Commonplace
-
www.common-place.org · vol. 6 · no. 2 · January 2006
-

Tales from the Vault

Sharon Block
Doing More with Digitization
An introduction to topic modeling of early American sources

In the 1990s, for a research project on colonial sexual coercion, I read hundreds of microfilmed early American newspapers for references to rape trials. Partway through my research, Accessible Archives released CD-ROMs of the Pennsylvania Gazette that were fully text searchable. I remember waiting eagerly for the processing of each new Gazette folio so that a simple keyword search could generate a list (printed on a dot-matrix printer) of all occurrences of the word rape in that folio’s years.

A mere decade later, I am disappointed when an article or source is not available at the stroke of a few keys. Despite justified concerns over this exploding technology (Who will have access to these documents? Does the digitization of select documents re-privilege certain kinds of history?), historical-document digitization has enormously expanded research capabilities. What used to require months of searching can now be accomplished in an afternoon.

Unlike traditional classification systems where texts are fit into preexisting schema (such as Library of Congress subject headings), topic modeling determines the comprehensive list of subjects through its analysis of the word occurrences throughout a corpus of texts.

Yet having this material available electronically and fully searchable has created some new problems. Already we are seeing the limitations of keyword searching. In any given set of documents, some keywords are too broad in their meaning, some are too narrow, and others have too many different meanings. The results of keyword searches are quite often incomplete or full of "noise," irrelevant results that make it hard to find what you are looking for. For searching to be effective, access needs to be supplemented by analysis.
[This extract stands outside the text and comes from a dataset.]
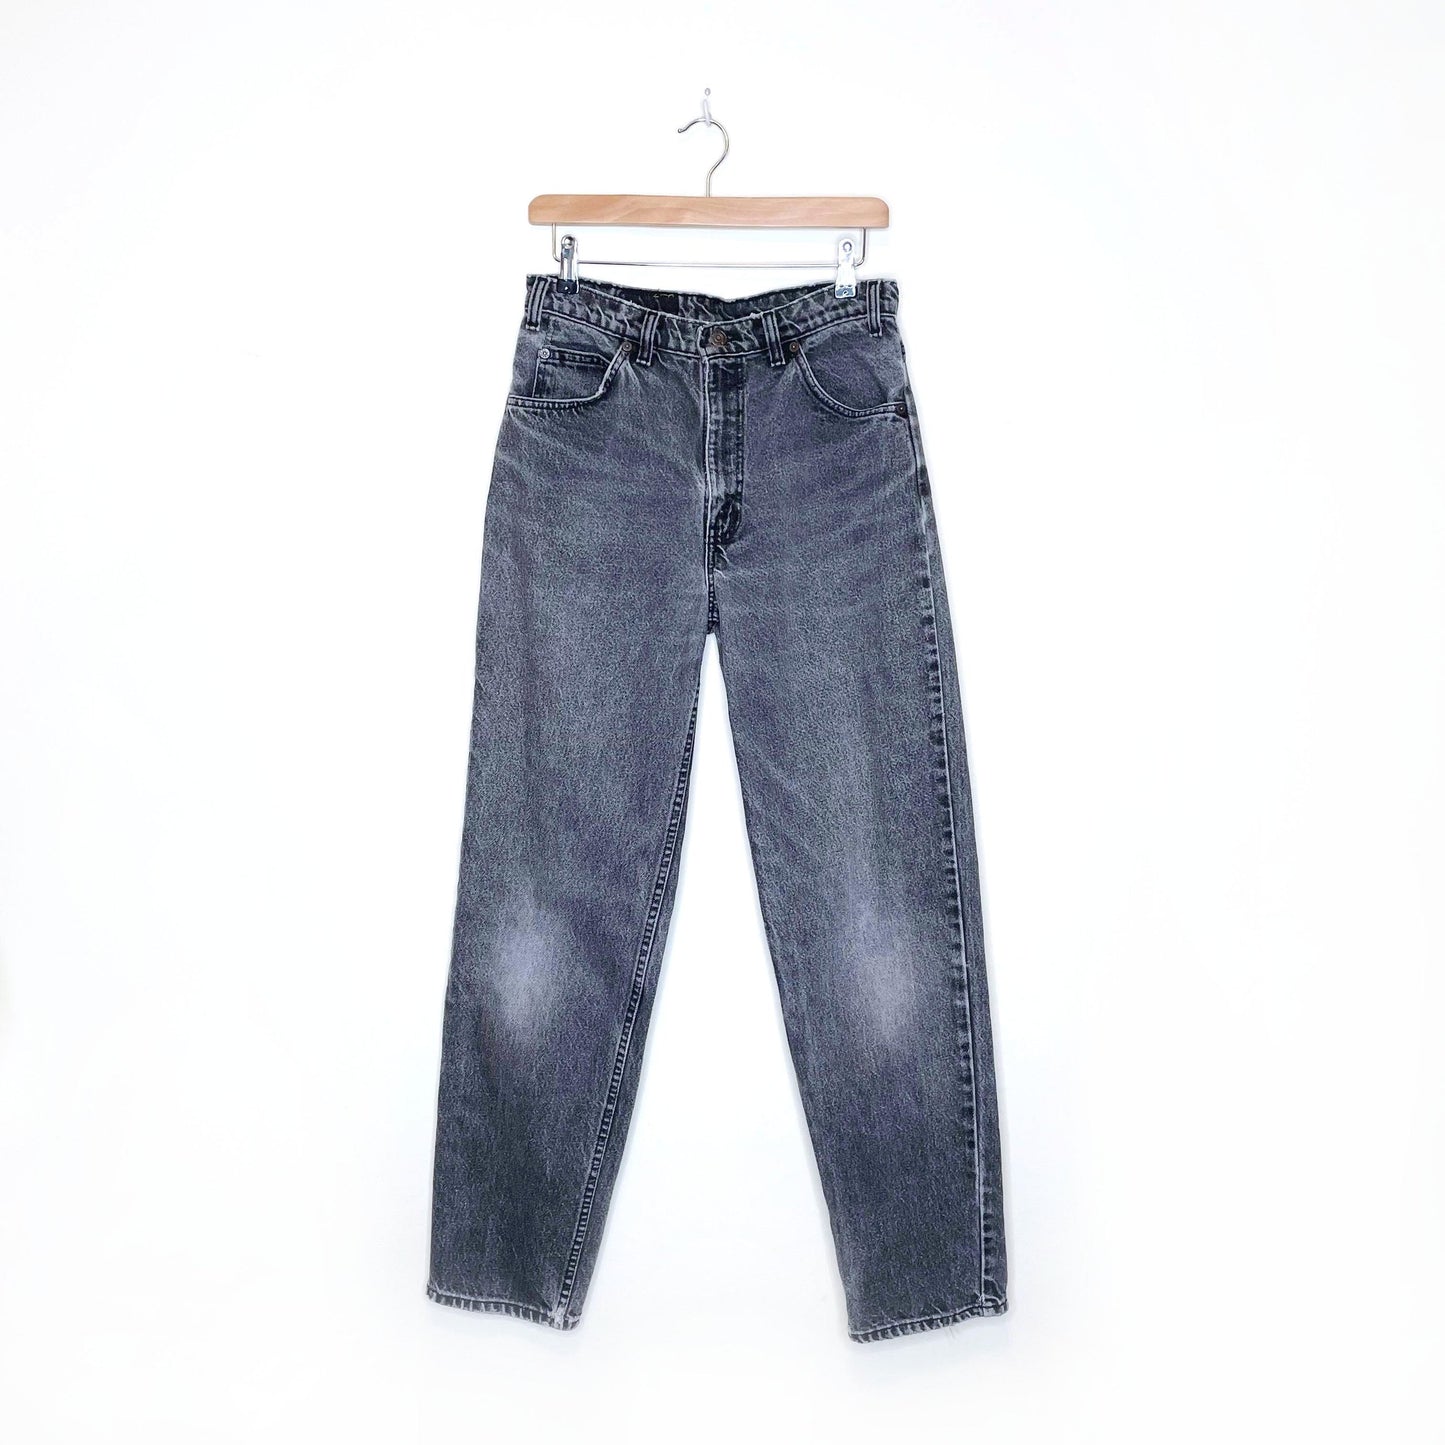 vintage 90's levi's orange tab 634 faded black jeans - size 31M / 28W

One promising way to move beyond keyword searching is to program computers not only to find words in these huge document collections but also to analyze documents by grouping them in subject classifications. This would provide a comprehensive indexing system that would far surpass human-indexing capabilities, but, even better, it would give scholars a complete picture of how their particular subject related to other subjects in that collection of documents: How much relative print space did the colonists give to discussions of Indians, of crime, or of politics? How did the entire contents of an eighteenth-century newspaper change over time?

A new kind of data-mining technique called topic modeling does just this. Topic modeling is based on the idea that individual documents are made up of one or more topics. It uses emerging technologies in computer science to automatically cluster topically similar documents by determining the groups of words that tend to co-occur in them. Most importantly, topic modeling creates topical categories without a priori subject definitions. This may be the hardest concept to understand about topic modeling: unlike traditional classification systems where texts are fit into preexisting schema (such as Library of Congress subject headings), topic modeling determines the comprehensive list of subjects through its analysis of the word occurrences throughout a corpus of texts. The content of the documents—not a human indexer—determines the topics collectively found in those documents. Sound hard to wrap your mind around? Before the math-challenged historians stop reading, let me try to put this in more accessible terms.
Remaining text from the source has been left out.